Jason Love is a standup comedian from Thousand Oaks, California.

==Career==
Love began his career in 2003 by syndicating Snapshots, a daily cartoon published by newspapers such as The Denver Post and Tampa Bay Times. From 2003 to 2007, Love worked as a humor columnist for the Ventura County Star.

Since 2008, Love has worked as a standup comedian, performing more than 200 times per year for comedy clubs, corporations, and cruise ships, and private parties.

Jason runs a non-profit organization, Love & Laughter, that brings free standup comedy shows to cancer support locations in the country.

In 2017, he recorded a Dry Bar Comedy special, Jokes On Me.

His second Moron was produced by 800 Pound Gorilla and has been broadcast on Pandora and Sirius XM.

Since the COVID-19 pandemic, Love has produced a virtual show, Live Comedy in Your Living Room. It features professional comics performing live from around the US.

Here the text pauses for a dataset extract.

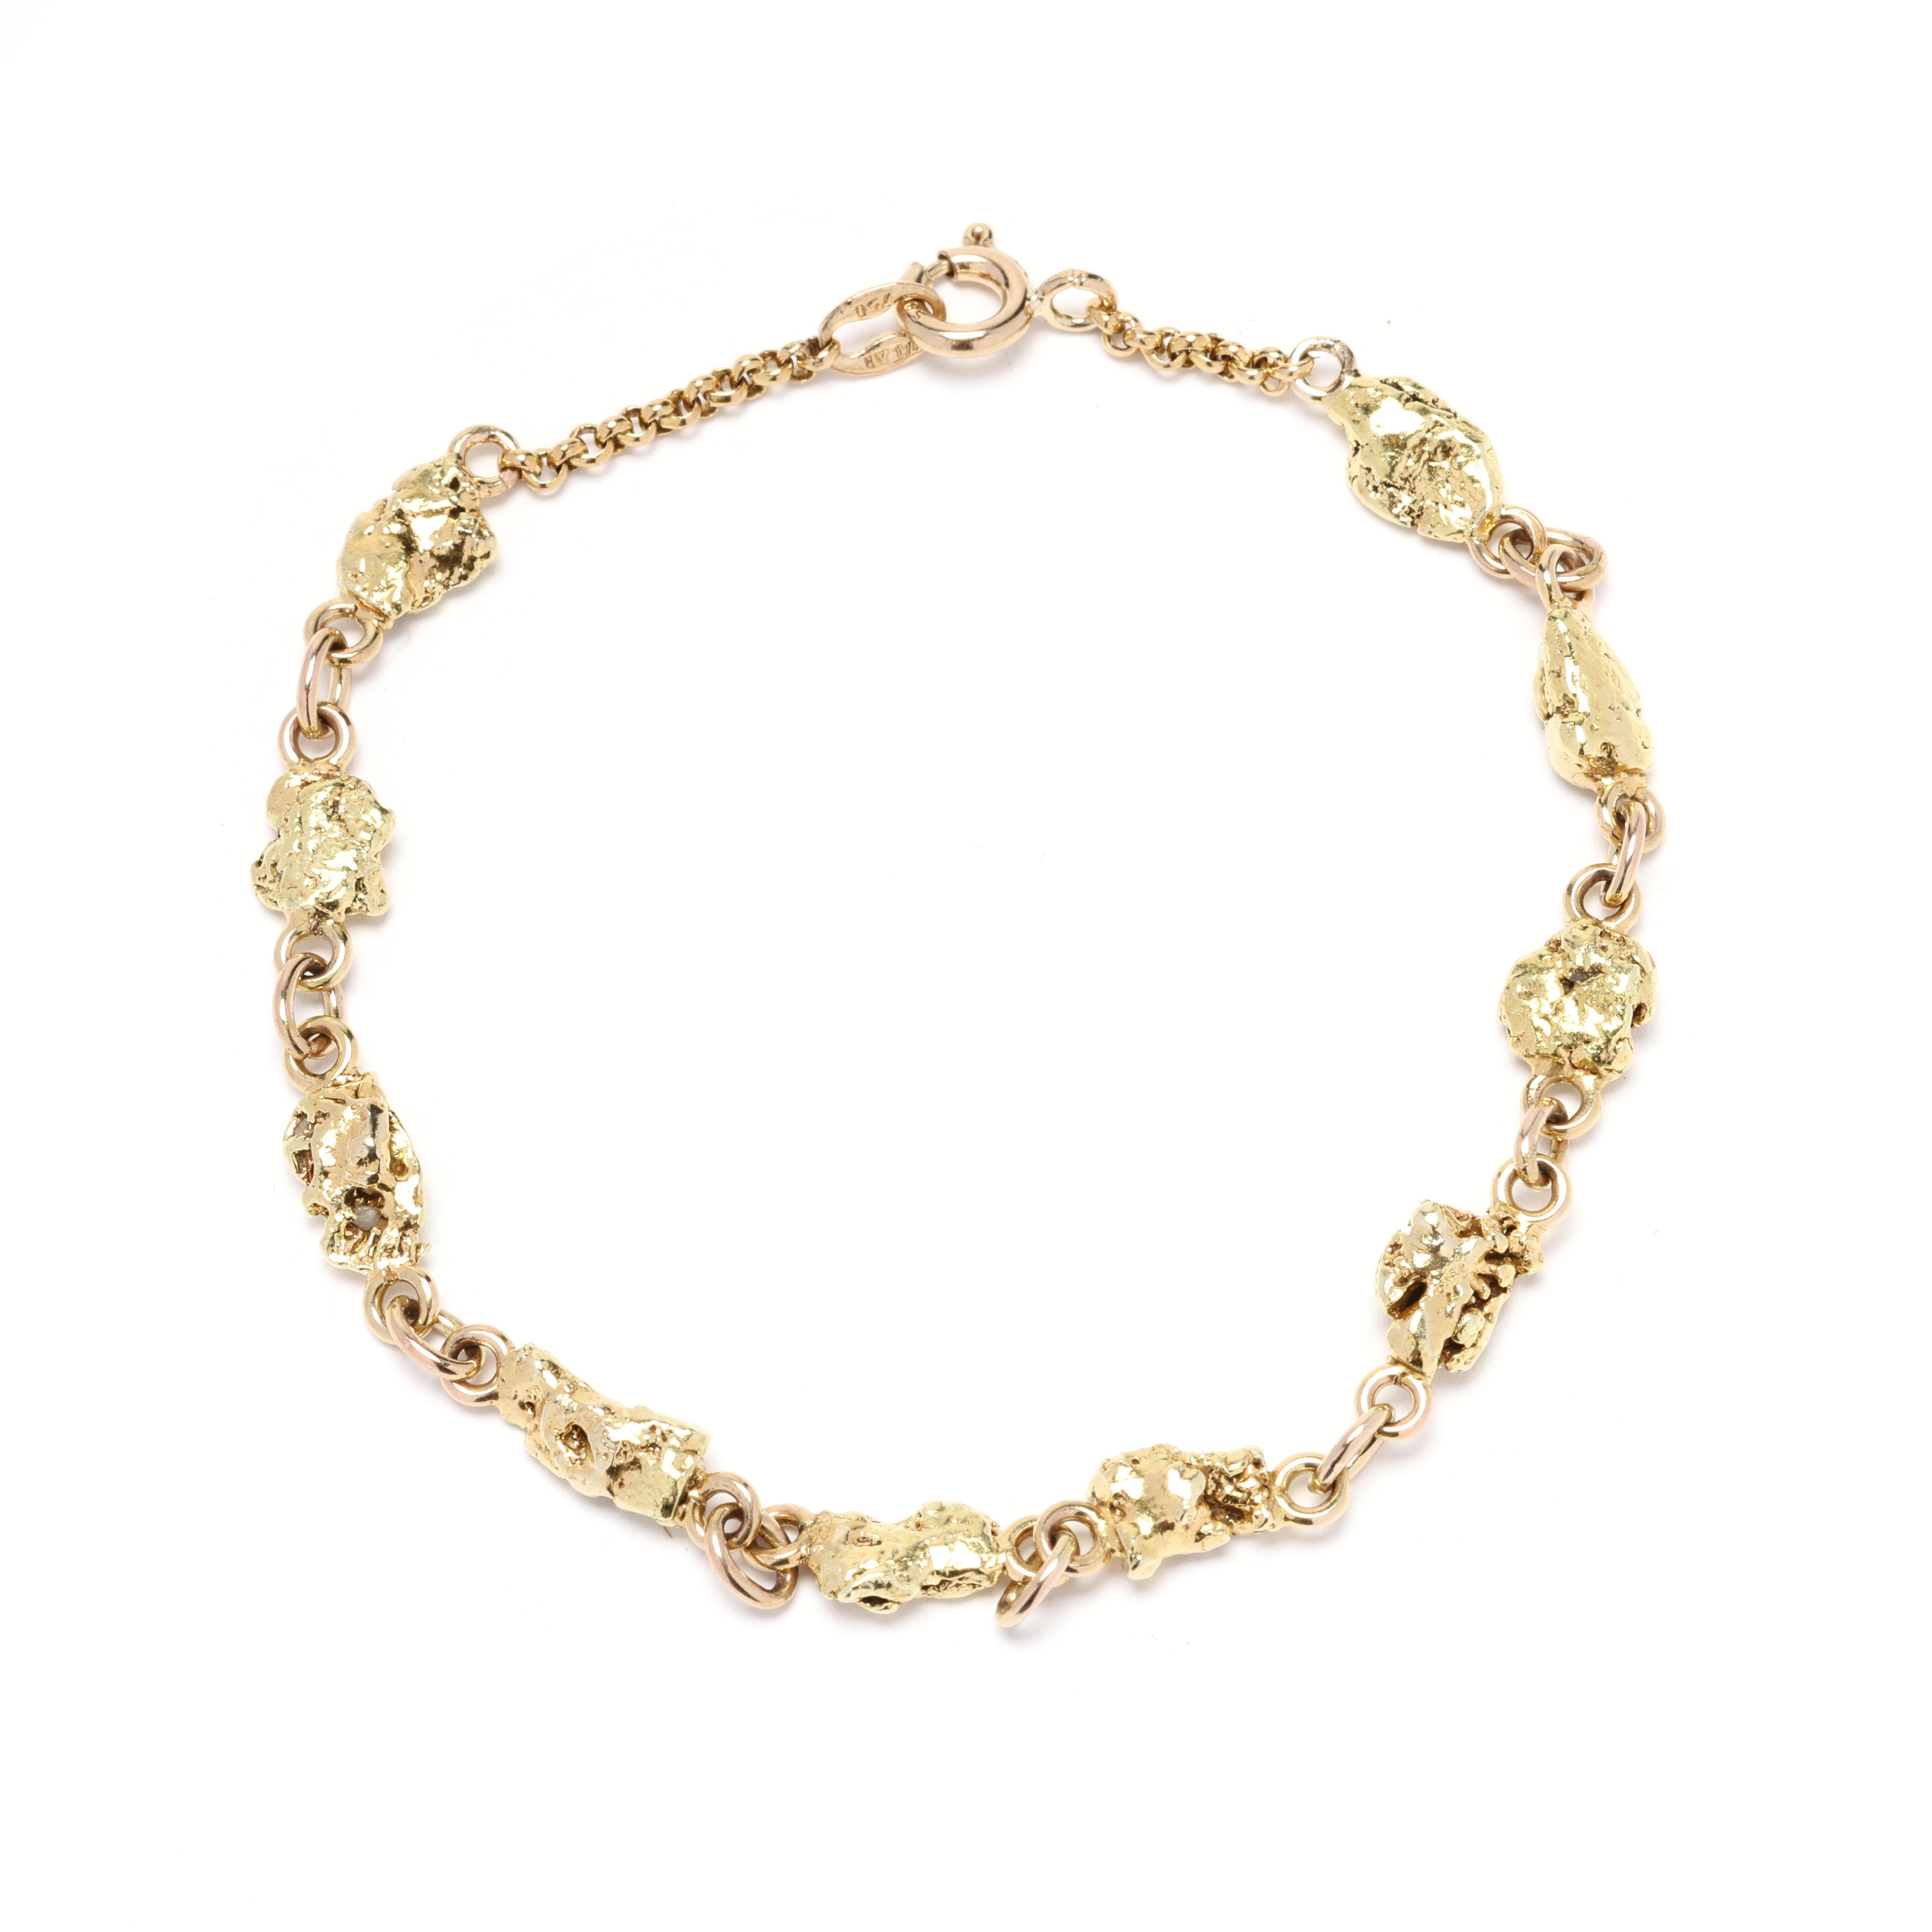 Women's 14k Gold Nugget Bracelet, 18k Yellow Gold Chain, Length 7.13 Inches, Stackable For Sale

He is represented by Levity Entertainment Group.

==Standup comedy==
Known for his “clean style and quirky spirit", Jason Love headlines at comedy clubs and cruise ships while producing his own shows at venues such as the San Diego County Fair and performing arts centers. The VC Reporter describes Jason as a "lean, clean, jokin’ machine."

===Television===
- Luck (HBO); played a horse race expert
- Last Comic Standing (NBC)
- Laughs on Fox
- Today's Riff (TBS)
- Standup and Deliver on Nuvo TV
- One-hour special for Dry Bar Comedy
- Host of the video series “Canned” produced by Studio 805.
- Hosted for the Ventura County Star a number of humorous videos produced by Anthony Plascencia.

===Radio===
- Appeared on The Bob & Tom Show radio program
- Podcast Labor of Love produced by Sideshow Network
- Sirius XM channel Laughs USA

===Cruise lines===
- Royal Caribbean
- Celebrity
- Norwegian
- Carnival
- Holland America
- Princess

===Casinos and clubs===
- Brad Garrett's
- The Improv
- Laugh Factory
- Stardome
- Caroline's on Broadway
- Flappers
- Punchline
- Zanies
- Edgewater
- Comedy Store
- Balboa Theatre
- Hermosa Comedy & Magic
- Standup Live
- Parlor Live

===Internet===
- Podcast, Labor of Love
- Livestream series Jason Love & Friends
- Pandora Radio

===Armed Forces Entertainment===
- Performed in Afghanistan for the troops

==Discography==
Metro Man

Jokes On Me

==Publications==
Snapshots: The Big Picture (ISBN 978-1419685163)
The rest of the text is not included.